Mostly though, my own work at that time involved radio plays, first with the late, much missed Marilyn Imrie, and following that with the equally missed Hamish Wilson. Of which more soon. 

When the job came to an end, I was on the verge of moving to Huddersfield, where I had just been accepted for a writer in residence post but was yet to make up my mind about it. Then an Ayrshire based friend decided to stop off in Kingskettle on his way to a fencing tournament. He never got to the tournament, and soon after that, I moved back to Ayrshire, got married and became a more or less full time writer. 

An Unexpected Use for AI

 

Image, courtesy of hotpot.ai/art-generator 

 He's rather nice, isn't he? 

I have to admit, up front, that I'm not a big fan of AI. I never use it for writing (I can do that all by myself.), I don't like the way it harvests the work of genuine creatives, and I keep seeing these appalling AI images drifting past my eyes on social media, most of them ridiculous or inaccurate or both. 

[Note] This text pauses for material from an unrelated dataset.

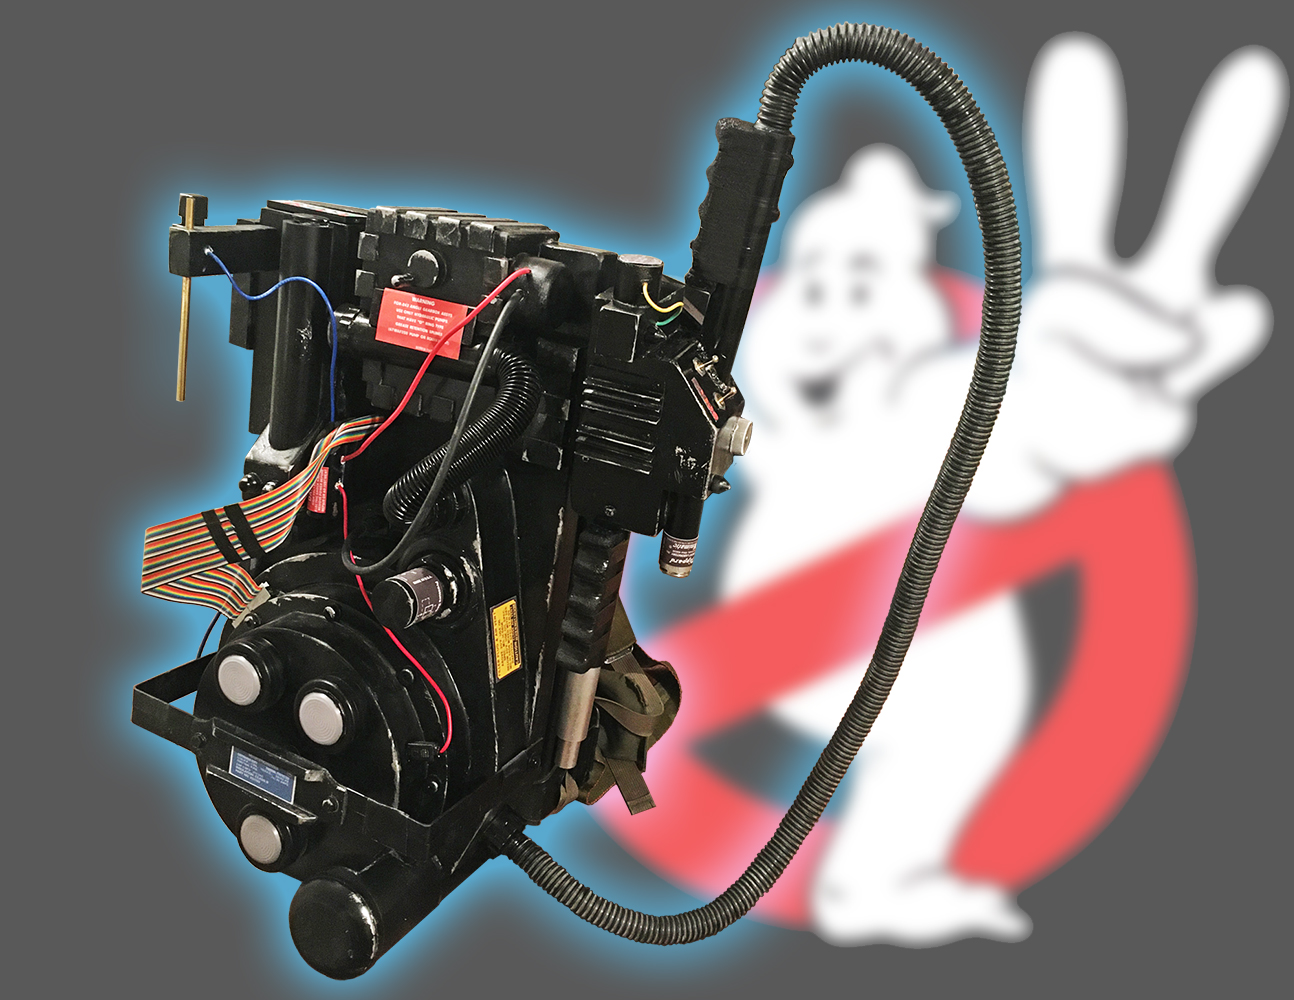 Ghostbusters Proton pack

My book covers so far - the ones I source myself - are supplied by my artist husband, Alan Lees, my own collection of very old photographs, or more recently, some spectacularly beautiful photographs by our friend Michal Piasecki  licenced only for this single use. The cover designs are made from these images by Lumphanan Press who also format the books for me.

But here's a thing. Like many writers, when I'm working on a book, whether it's fiction or non-fiction, I do like to surround myself with images of all kinds. They can be photographs, postcards, paintings, landscapes, houses, maps, and characters that reflect whoever or whatever I'm writing about - a whole miscellany of images that will never appear in the book as themselves, but will feed into the inspiration behind it. It's one of the pleasures of creating. My work-space becomes a kind of mega mood board. 

I do the same thing on Pinterest as well, making a board for each project. 

My latest project is going to be a trilogy. I've written two books in the series, and hope to publish them either before Christmas, or soon after: Hera's Orchard and Bitter Oranges. I'll be tackling the third in 2025. The books are set mostly on the Canary Isles, and they are about the challenges and joys of a cross cultural relationship. 

I'm going back to an old project here that has had several incarnations, including a radio play, a short story, and a novel that was so skewed by my then publisher that it bore only a faint resemblance to the book I had written. 'You wrote a sensitive exploration of a marriage and we turned it into a beach bonk buster' said my editor, regretfully, many years later. She wasn't wrong. What I really wanted to do was get back to my original idea, and see where it took me.

I wrote the first book, published it briefly on Amazon as Orange Blossoms, unpublished it quite quickly, because I wasn't happy with it, and then revised it drastically, while working flat out on the sequel. It has taken a while, but I'm finalising edits of both books. 

My husband used to be a charter yacht skipper, so we spent a couple of winters in the Canaries, aboard a 50 foot catamaran. It was probably where my love of all things Spanish began. I'm looking at some of my old photographs as I type this, as well as maps, and a little heap of reference books. 

So - where does AI come in? Well, in an idle moment, last night, I found a site called hotpot.ai, and even more idly typed into the little box the simple line  'handsome Spanish man sitting under an orange tree.' Within a couple of seconds, the site had generated the picture at the top of this post. I was surprised. I mean, not only is he handsome, but he genuinely looks Spanish. (Where was this 'harvested' from, I wonder?) The oranges are a bit OTT  in the way of so much AI, but for a book called Hera's Orchard in which the oranges themselves take on a kind of magical quality, it's fine by me.

Today, I had another go, because my 'hero' for want of a better word, plays the guitar. But it has to be a Spanish guitar. And so it is. Not sure about the beard, but it's still a pretty good image. 

As I say, I won't be using this in any commercial sense. My husband has already supplied me with three lovely cover images. But many writers like to play about with visual images as additional sources of inspiration ...  which these are. Thanks, hotpot!